NASA Has Finally Opened The Canister Containing The Asteroid Bennu Sample

Inside Building 31 at Johnson Space Center, a momentous achievement unfolded as NASA scientists successfully opened the metal canister containing rocks collected from the distant asteroid Bennu. The lid, sealed with two stubborn fasteners, proved to be a formidable challenge for months. The asteroid receptacle, having parachuted from outer space, resided within a specially-designed glovebox, limiting tools and access. With perseverance, the lid is now open, revealing the treasure trove captured during NASA’s groundbreaking OSIRIS-REx mission.

The agency’s snapshot captures the sight of dark rocks, measuring a mere 0.4 inches or 1 centimeter wide, intermingled with smaller particles of different sizes.
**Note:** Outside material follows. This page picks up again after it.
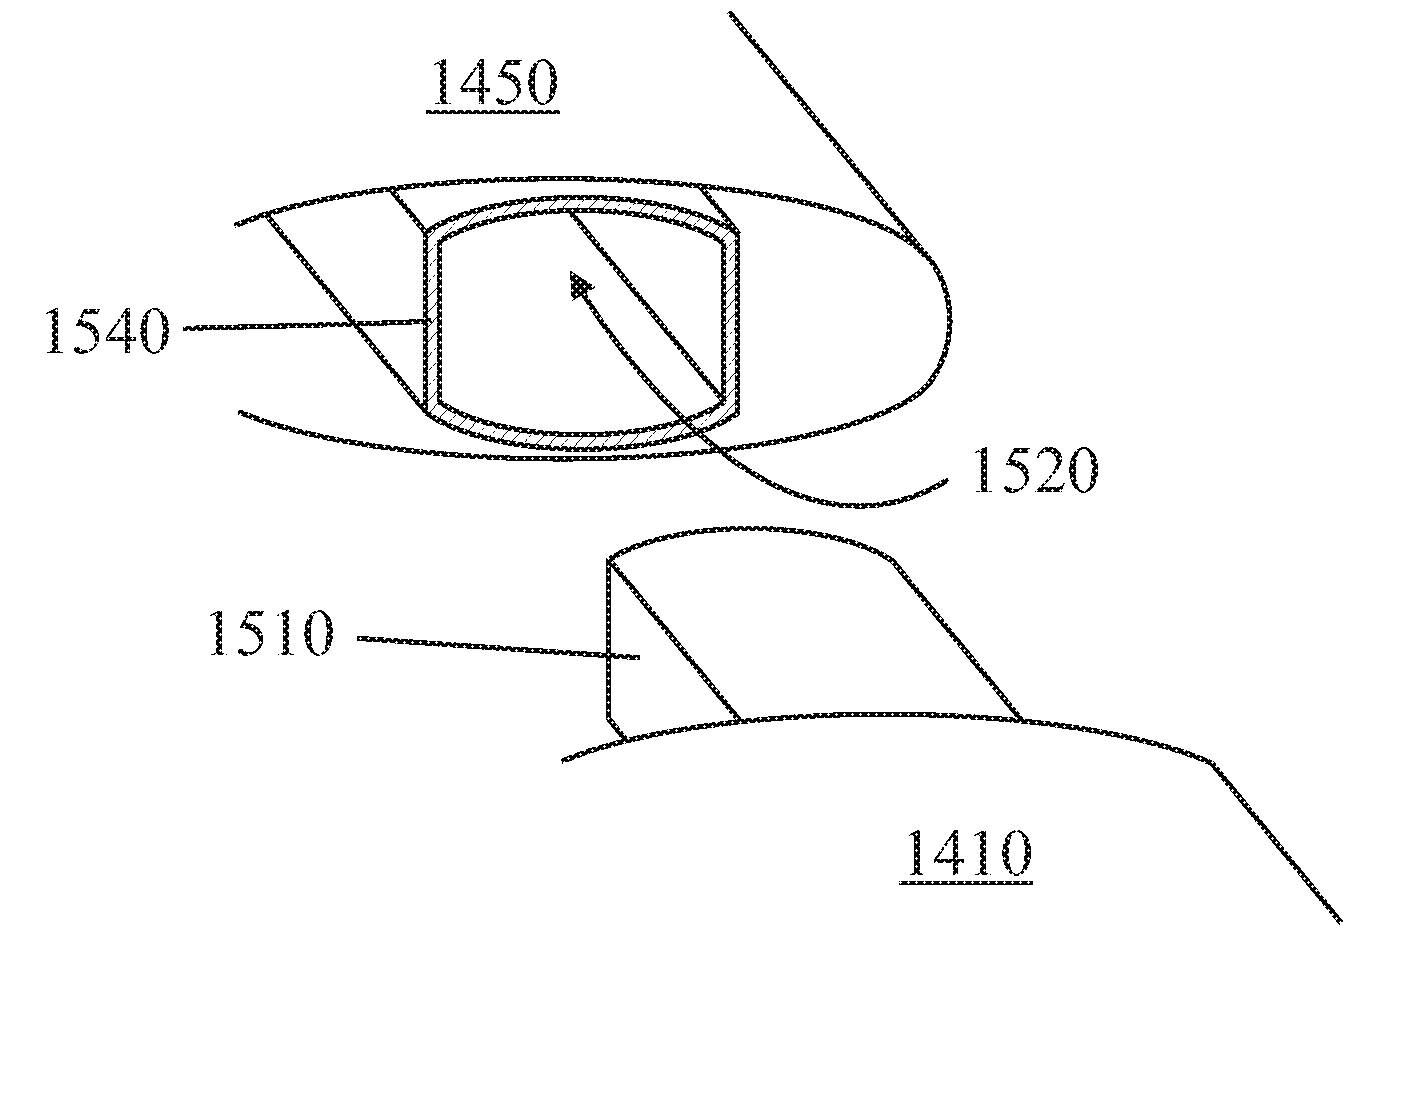 Modular rotor blade for a wind turbine and method for assembling same

These precious samples originate from asteroid Bennu, an astronomical body spanning 1,600 feet in width and consisting primarily of boulders and debris. It is worth noting that this mission is NASA’s first-ever attempt to retrieve untarnished fragments from an asteroid and bring them back to our planet. The mission itself goes by the name OSIRIS-REx, which stands for Origins, Spectral Interpretation, Resource Identification, and Security – Regolith Explorer.

The importance of these samples lies in their ability to unravel the enigmas of our ancient solar system. Asteroid Bennu, believed to be approximately 4.5 billion years old, acts as a well-preserved time vault. The stones provide scientists with a one-of-a-kind chance to acquire knowledge about the creation of planets and potentially comprehend the process through which Earth obtained its water.

The OSIRIS-REx spacecraft executed a meticulous approach to Bennu in October 2020. Using the Touch-and-Go Sample Acquisition Mechanism (TAGSAM), an arm extended from the spacecraft, NASA gently pushed against Bennu for five seconds, releasing nitrogen gas onto the asteroid. This maneuver propelled rocks and dust into the canister, setting the stage for a two-year intensive study by NASA’s science team.

However, the scientific exploration doesn’t end with NASA. The agency plans to share the bounty with over 200 scientists worldwide who will delve into Bennu’s rocks and dust. Furthermore, a portion of the asteroid sample will be preserved for future generations, equipped with technologies that current scientists may not have envisioned, ensuring a continuous unraveling of the secrets held by Bennu. The question now echoes: What revelations will Bennu disclose to the eager minds of scientists and researchers?